From The Herald-Dispatch of Huntington:

The West Virginia Democratic Party recently announced its formal issue platform. One of the positions it will advocate for is a ban on certain methods of coal mining. The same position was adopted by the West Virginia Young Democrats Organization a decade earlier.

Despite claims to the contrary, this action is further evidence that the state Democratic Party is becoming a microcosm of the national Democratic Party. Its funders on the national level demand anti-mining positions to be taken and for the past decade have displayed a well-documented position of opposing mining in every form.

The differences between state Democrats and the Republican Party is widening, making the choice between candidates easier despite all the campaign rhetoric.

The state Democratic Party has moved away from its traditional values, evidenced by its current position against mining, one of the state’s bedrock industries that is responsible for thousands of high-tech and high paying jobs and the infusion of millions of dollars into state, county and municipal budgets.

Given West Virginia’s budget challenges, the fact we are leading the country in jobs lost and have the lowest workforce participation rate makes this anti-mining position nothing short of irresponsible.

The state Democratic Party has clearly left or is quickly leaving us, and the ideological gap between state Democrats and their national counterparts is narrowing. In the state legislature, we’ve witnessed a growing number of elected Democrats who routinely take positions counter to mining and business interests. The fact that the party has transitioned away from its history of supporting mining in every form is unfortunate for those Democrats who are more balanced and conservative, for they will now get painted with the same extremist brush.

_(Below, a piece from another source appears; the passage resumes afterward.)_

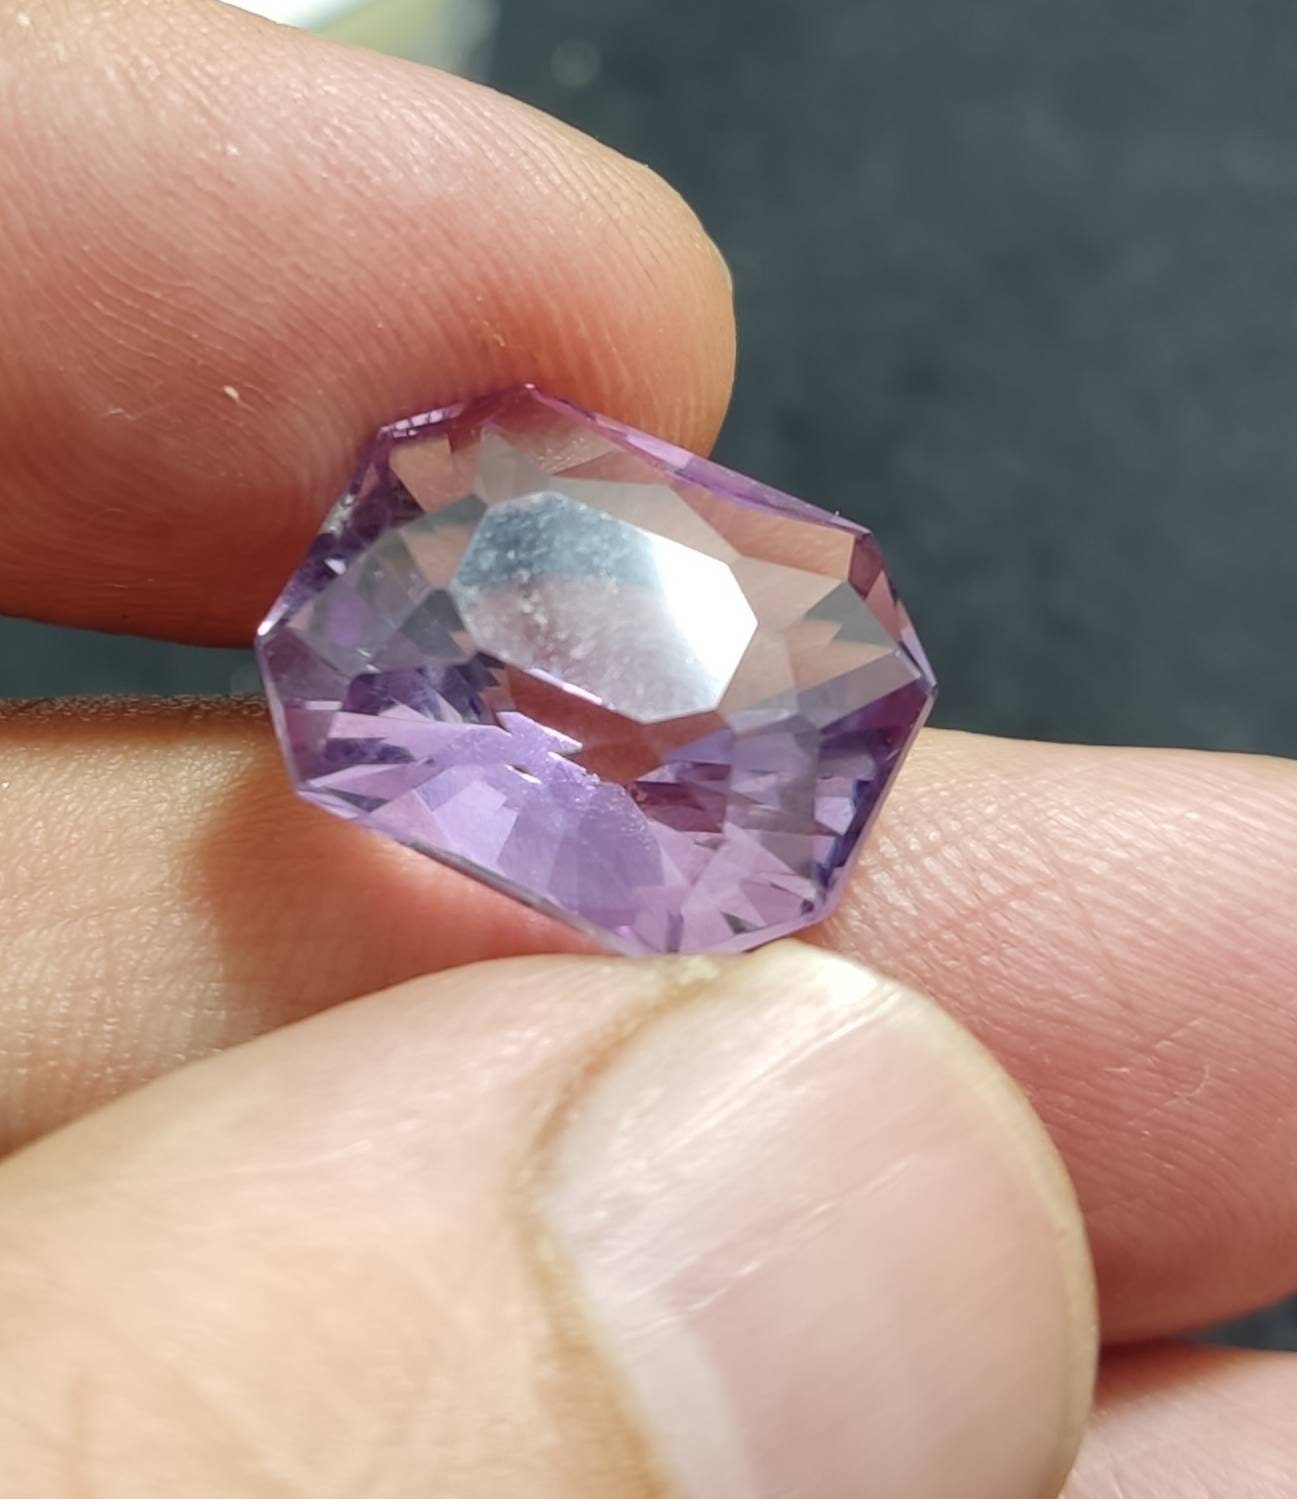 An amazing faceted modified emerald cut amethyst gemstone 13 carats

You can trace the evolution of this trend over the past decade or perhaps to when the Young Democrats Organization voted to accept this position and those members who comprised the group are now in mainstream party leadership positions. This was also around the same time that West Virginia began to transition into a two-party state.

As evidence, a decade ago, when West Virginia was predominately a one-party state, the Democratic Party represented a variety of philosophical positions. The party used to be comprised of a solid, pro-business, conservative segment, a relatively large moderate core and a small liberal component.

But this has changed as the state Republican Party began to win elections and gained a more prominent standing in our state. And with this transition, more and more business-friendly or conservative members of the state Democratic Party simple decided not to be part of the state party leadership. The vacuum this left has been filled by Democrats with more liberally extreme ideologies.

It should come as no surprise that business organizations, like the West Virginia Business & Industry Council, are cited as choosing to support a growing number of Republican candidates for state office. Based on the underlying rationale set forth above, what choice do we have?

It is not just coincidental that President Obama and Hillary Clinton have adopted anti-mining positions like their Democratic contemporaries heading up the Democratic leadership in Congress. Despite the campaign rhetoric and the fact that state Democratic Party leadership wants to see Hillary Clinton prevail, Mrs. Clinton doesn’t have the independence to decide her position on coal and energy.

The reason is simple – the National Democratic Party has already predetermined that issue. And, given some of the party’s funders that position isn’t going to change. The issue of removing fossil fuels from America’s energy supply by any means necessary and at any cost has become a principal. For the majority of West Virginia voters the state Democratic Party has left them. It’s a shame, but it makes for easy choices at the ballot box in November.

Chris Hamilton is chairman of the West Virginia Business & Industry Council, headquartered in Charleston.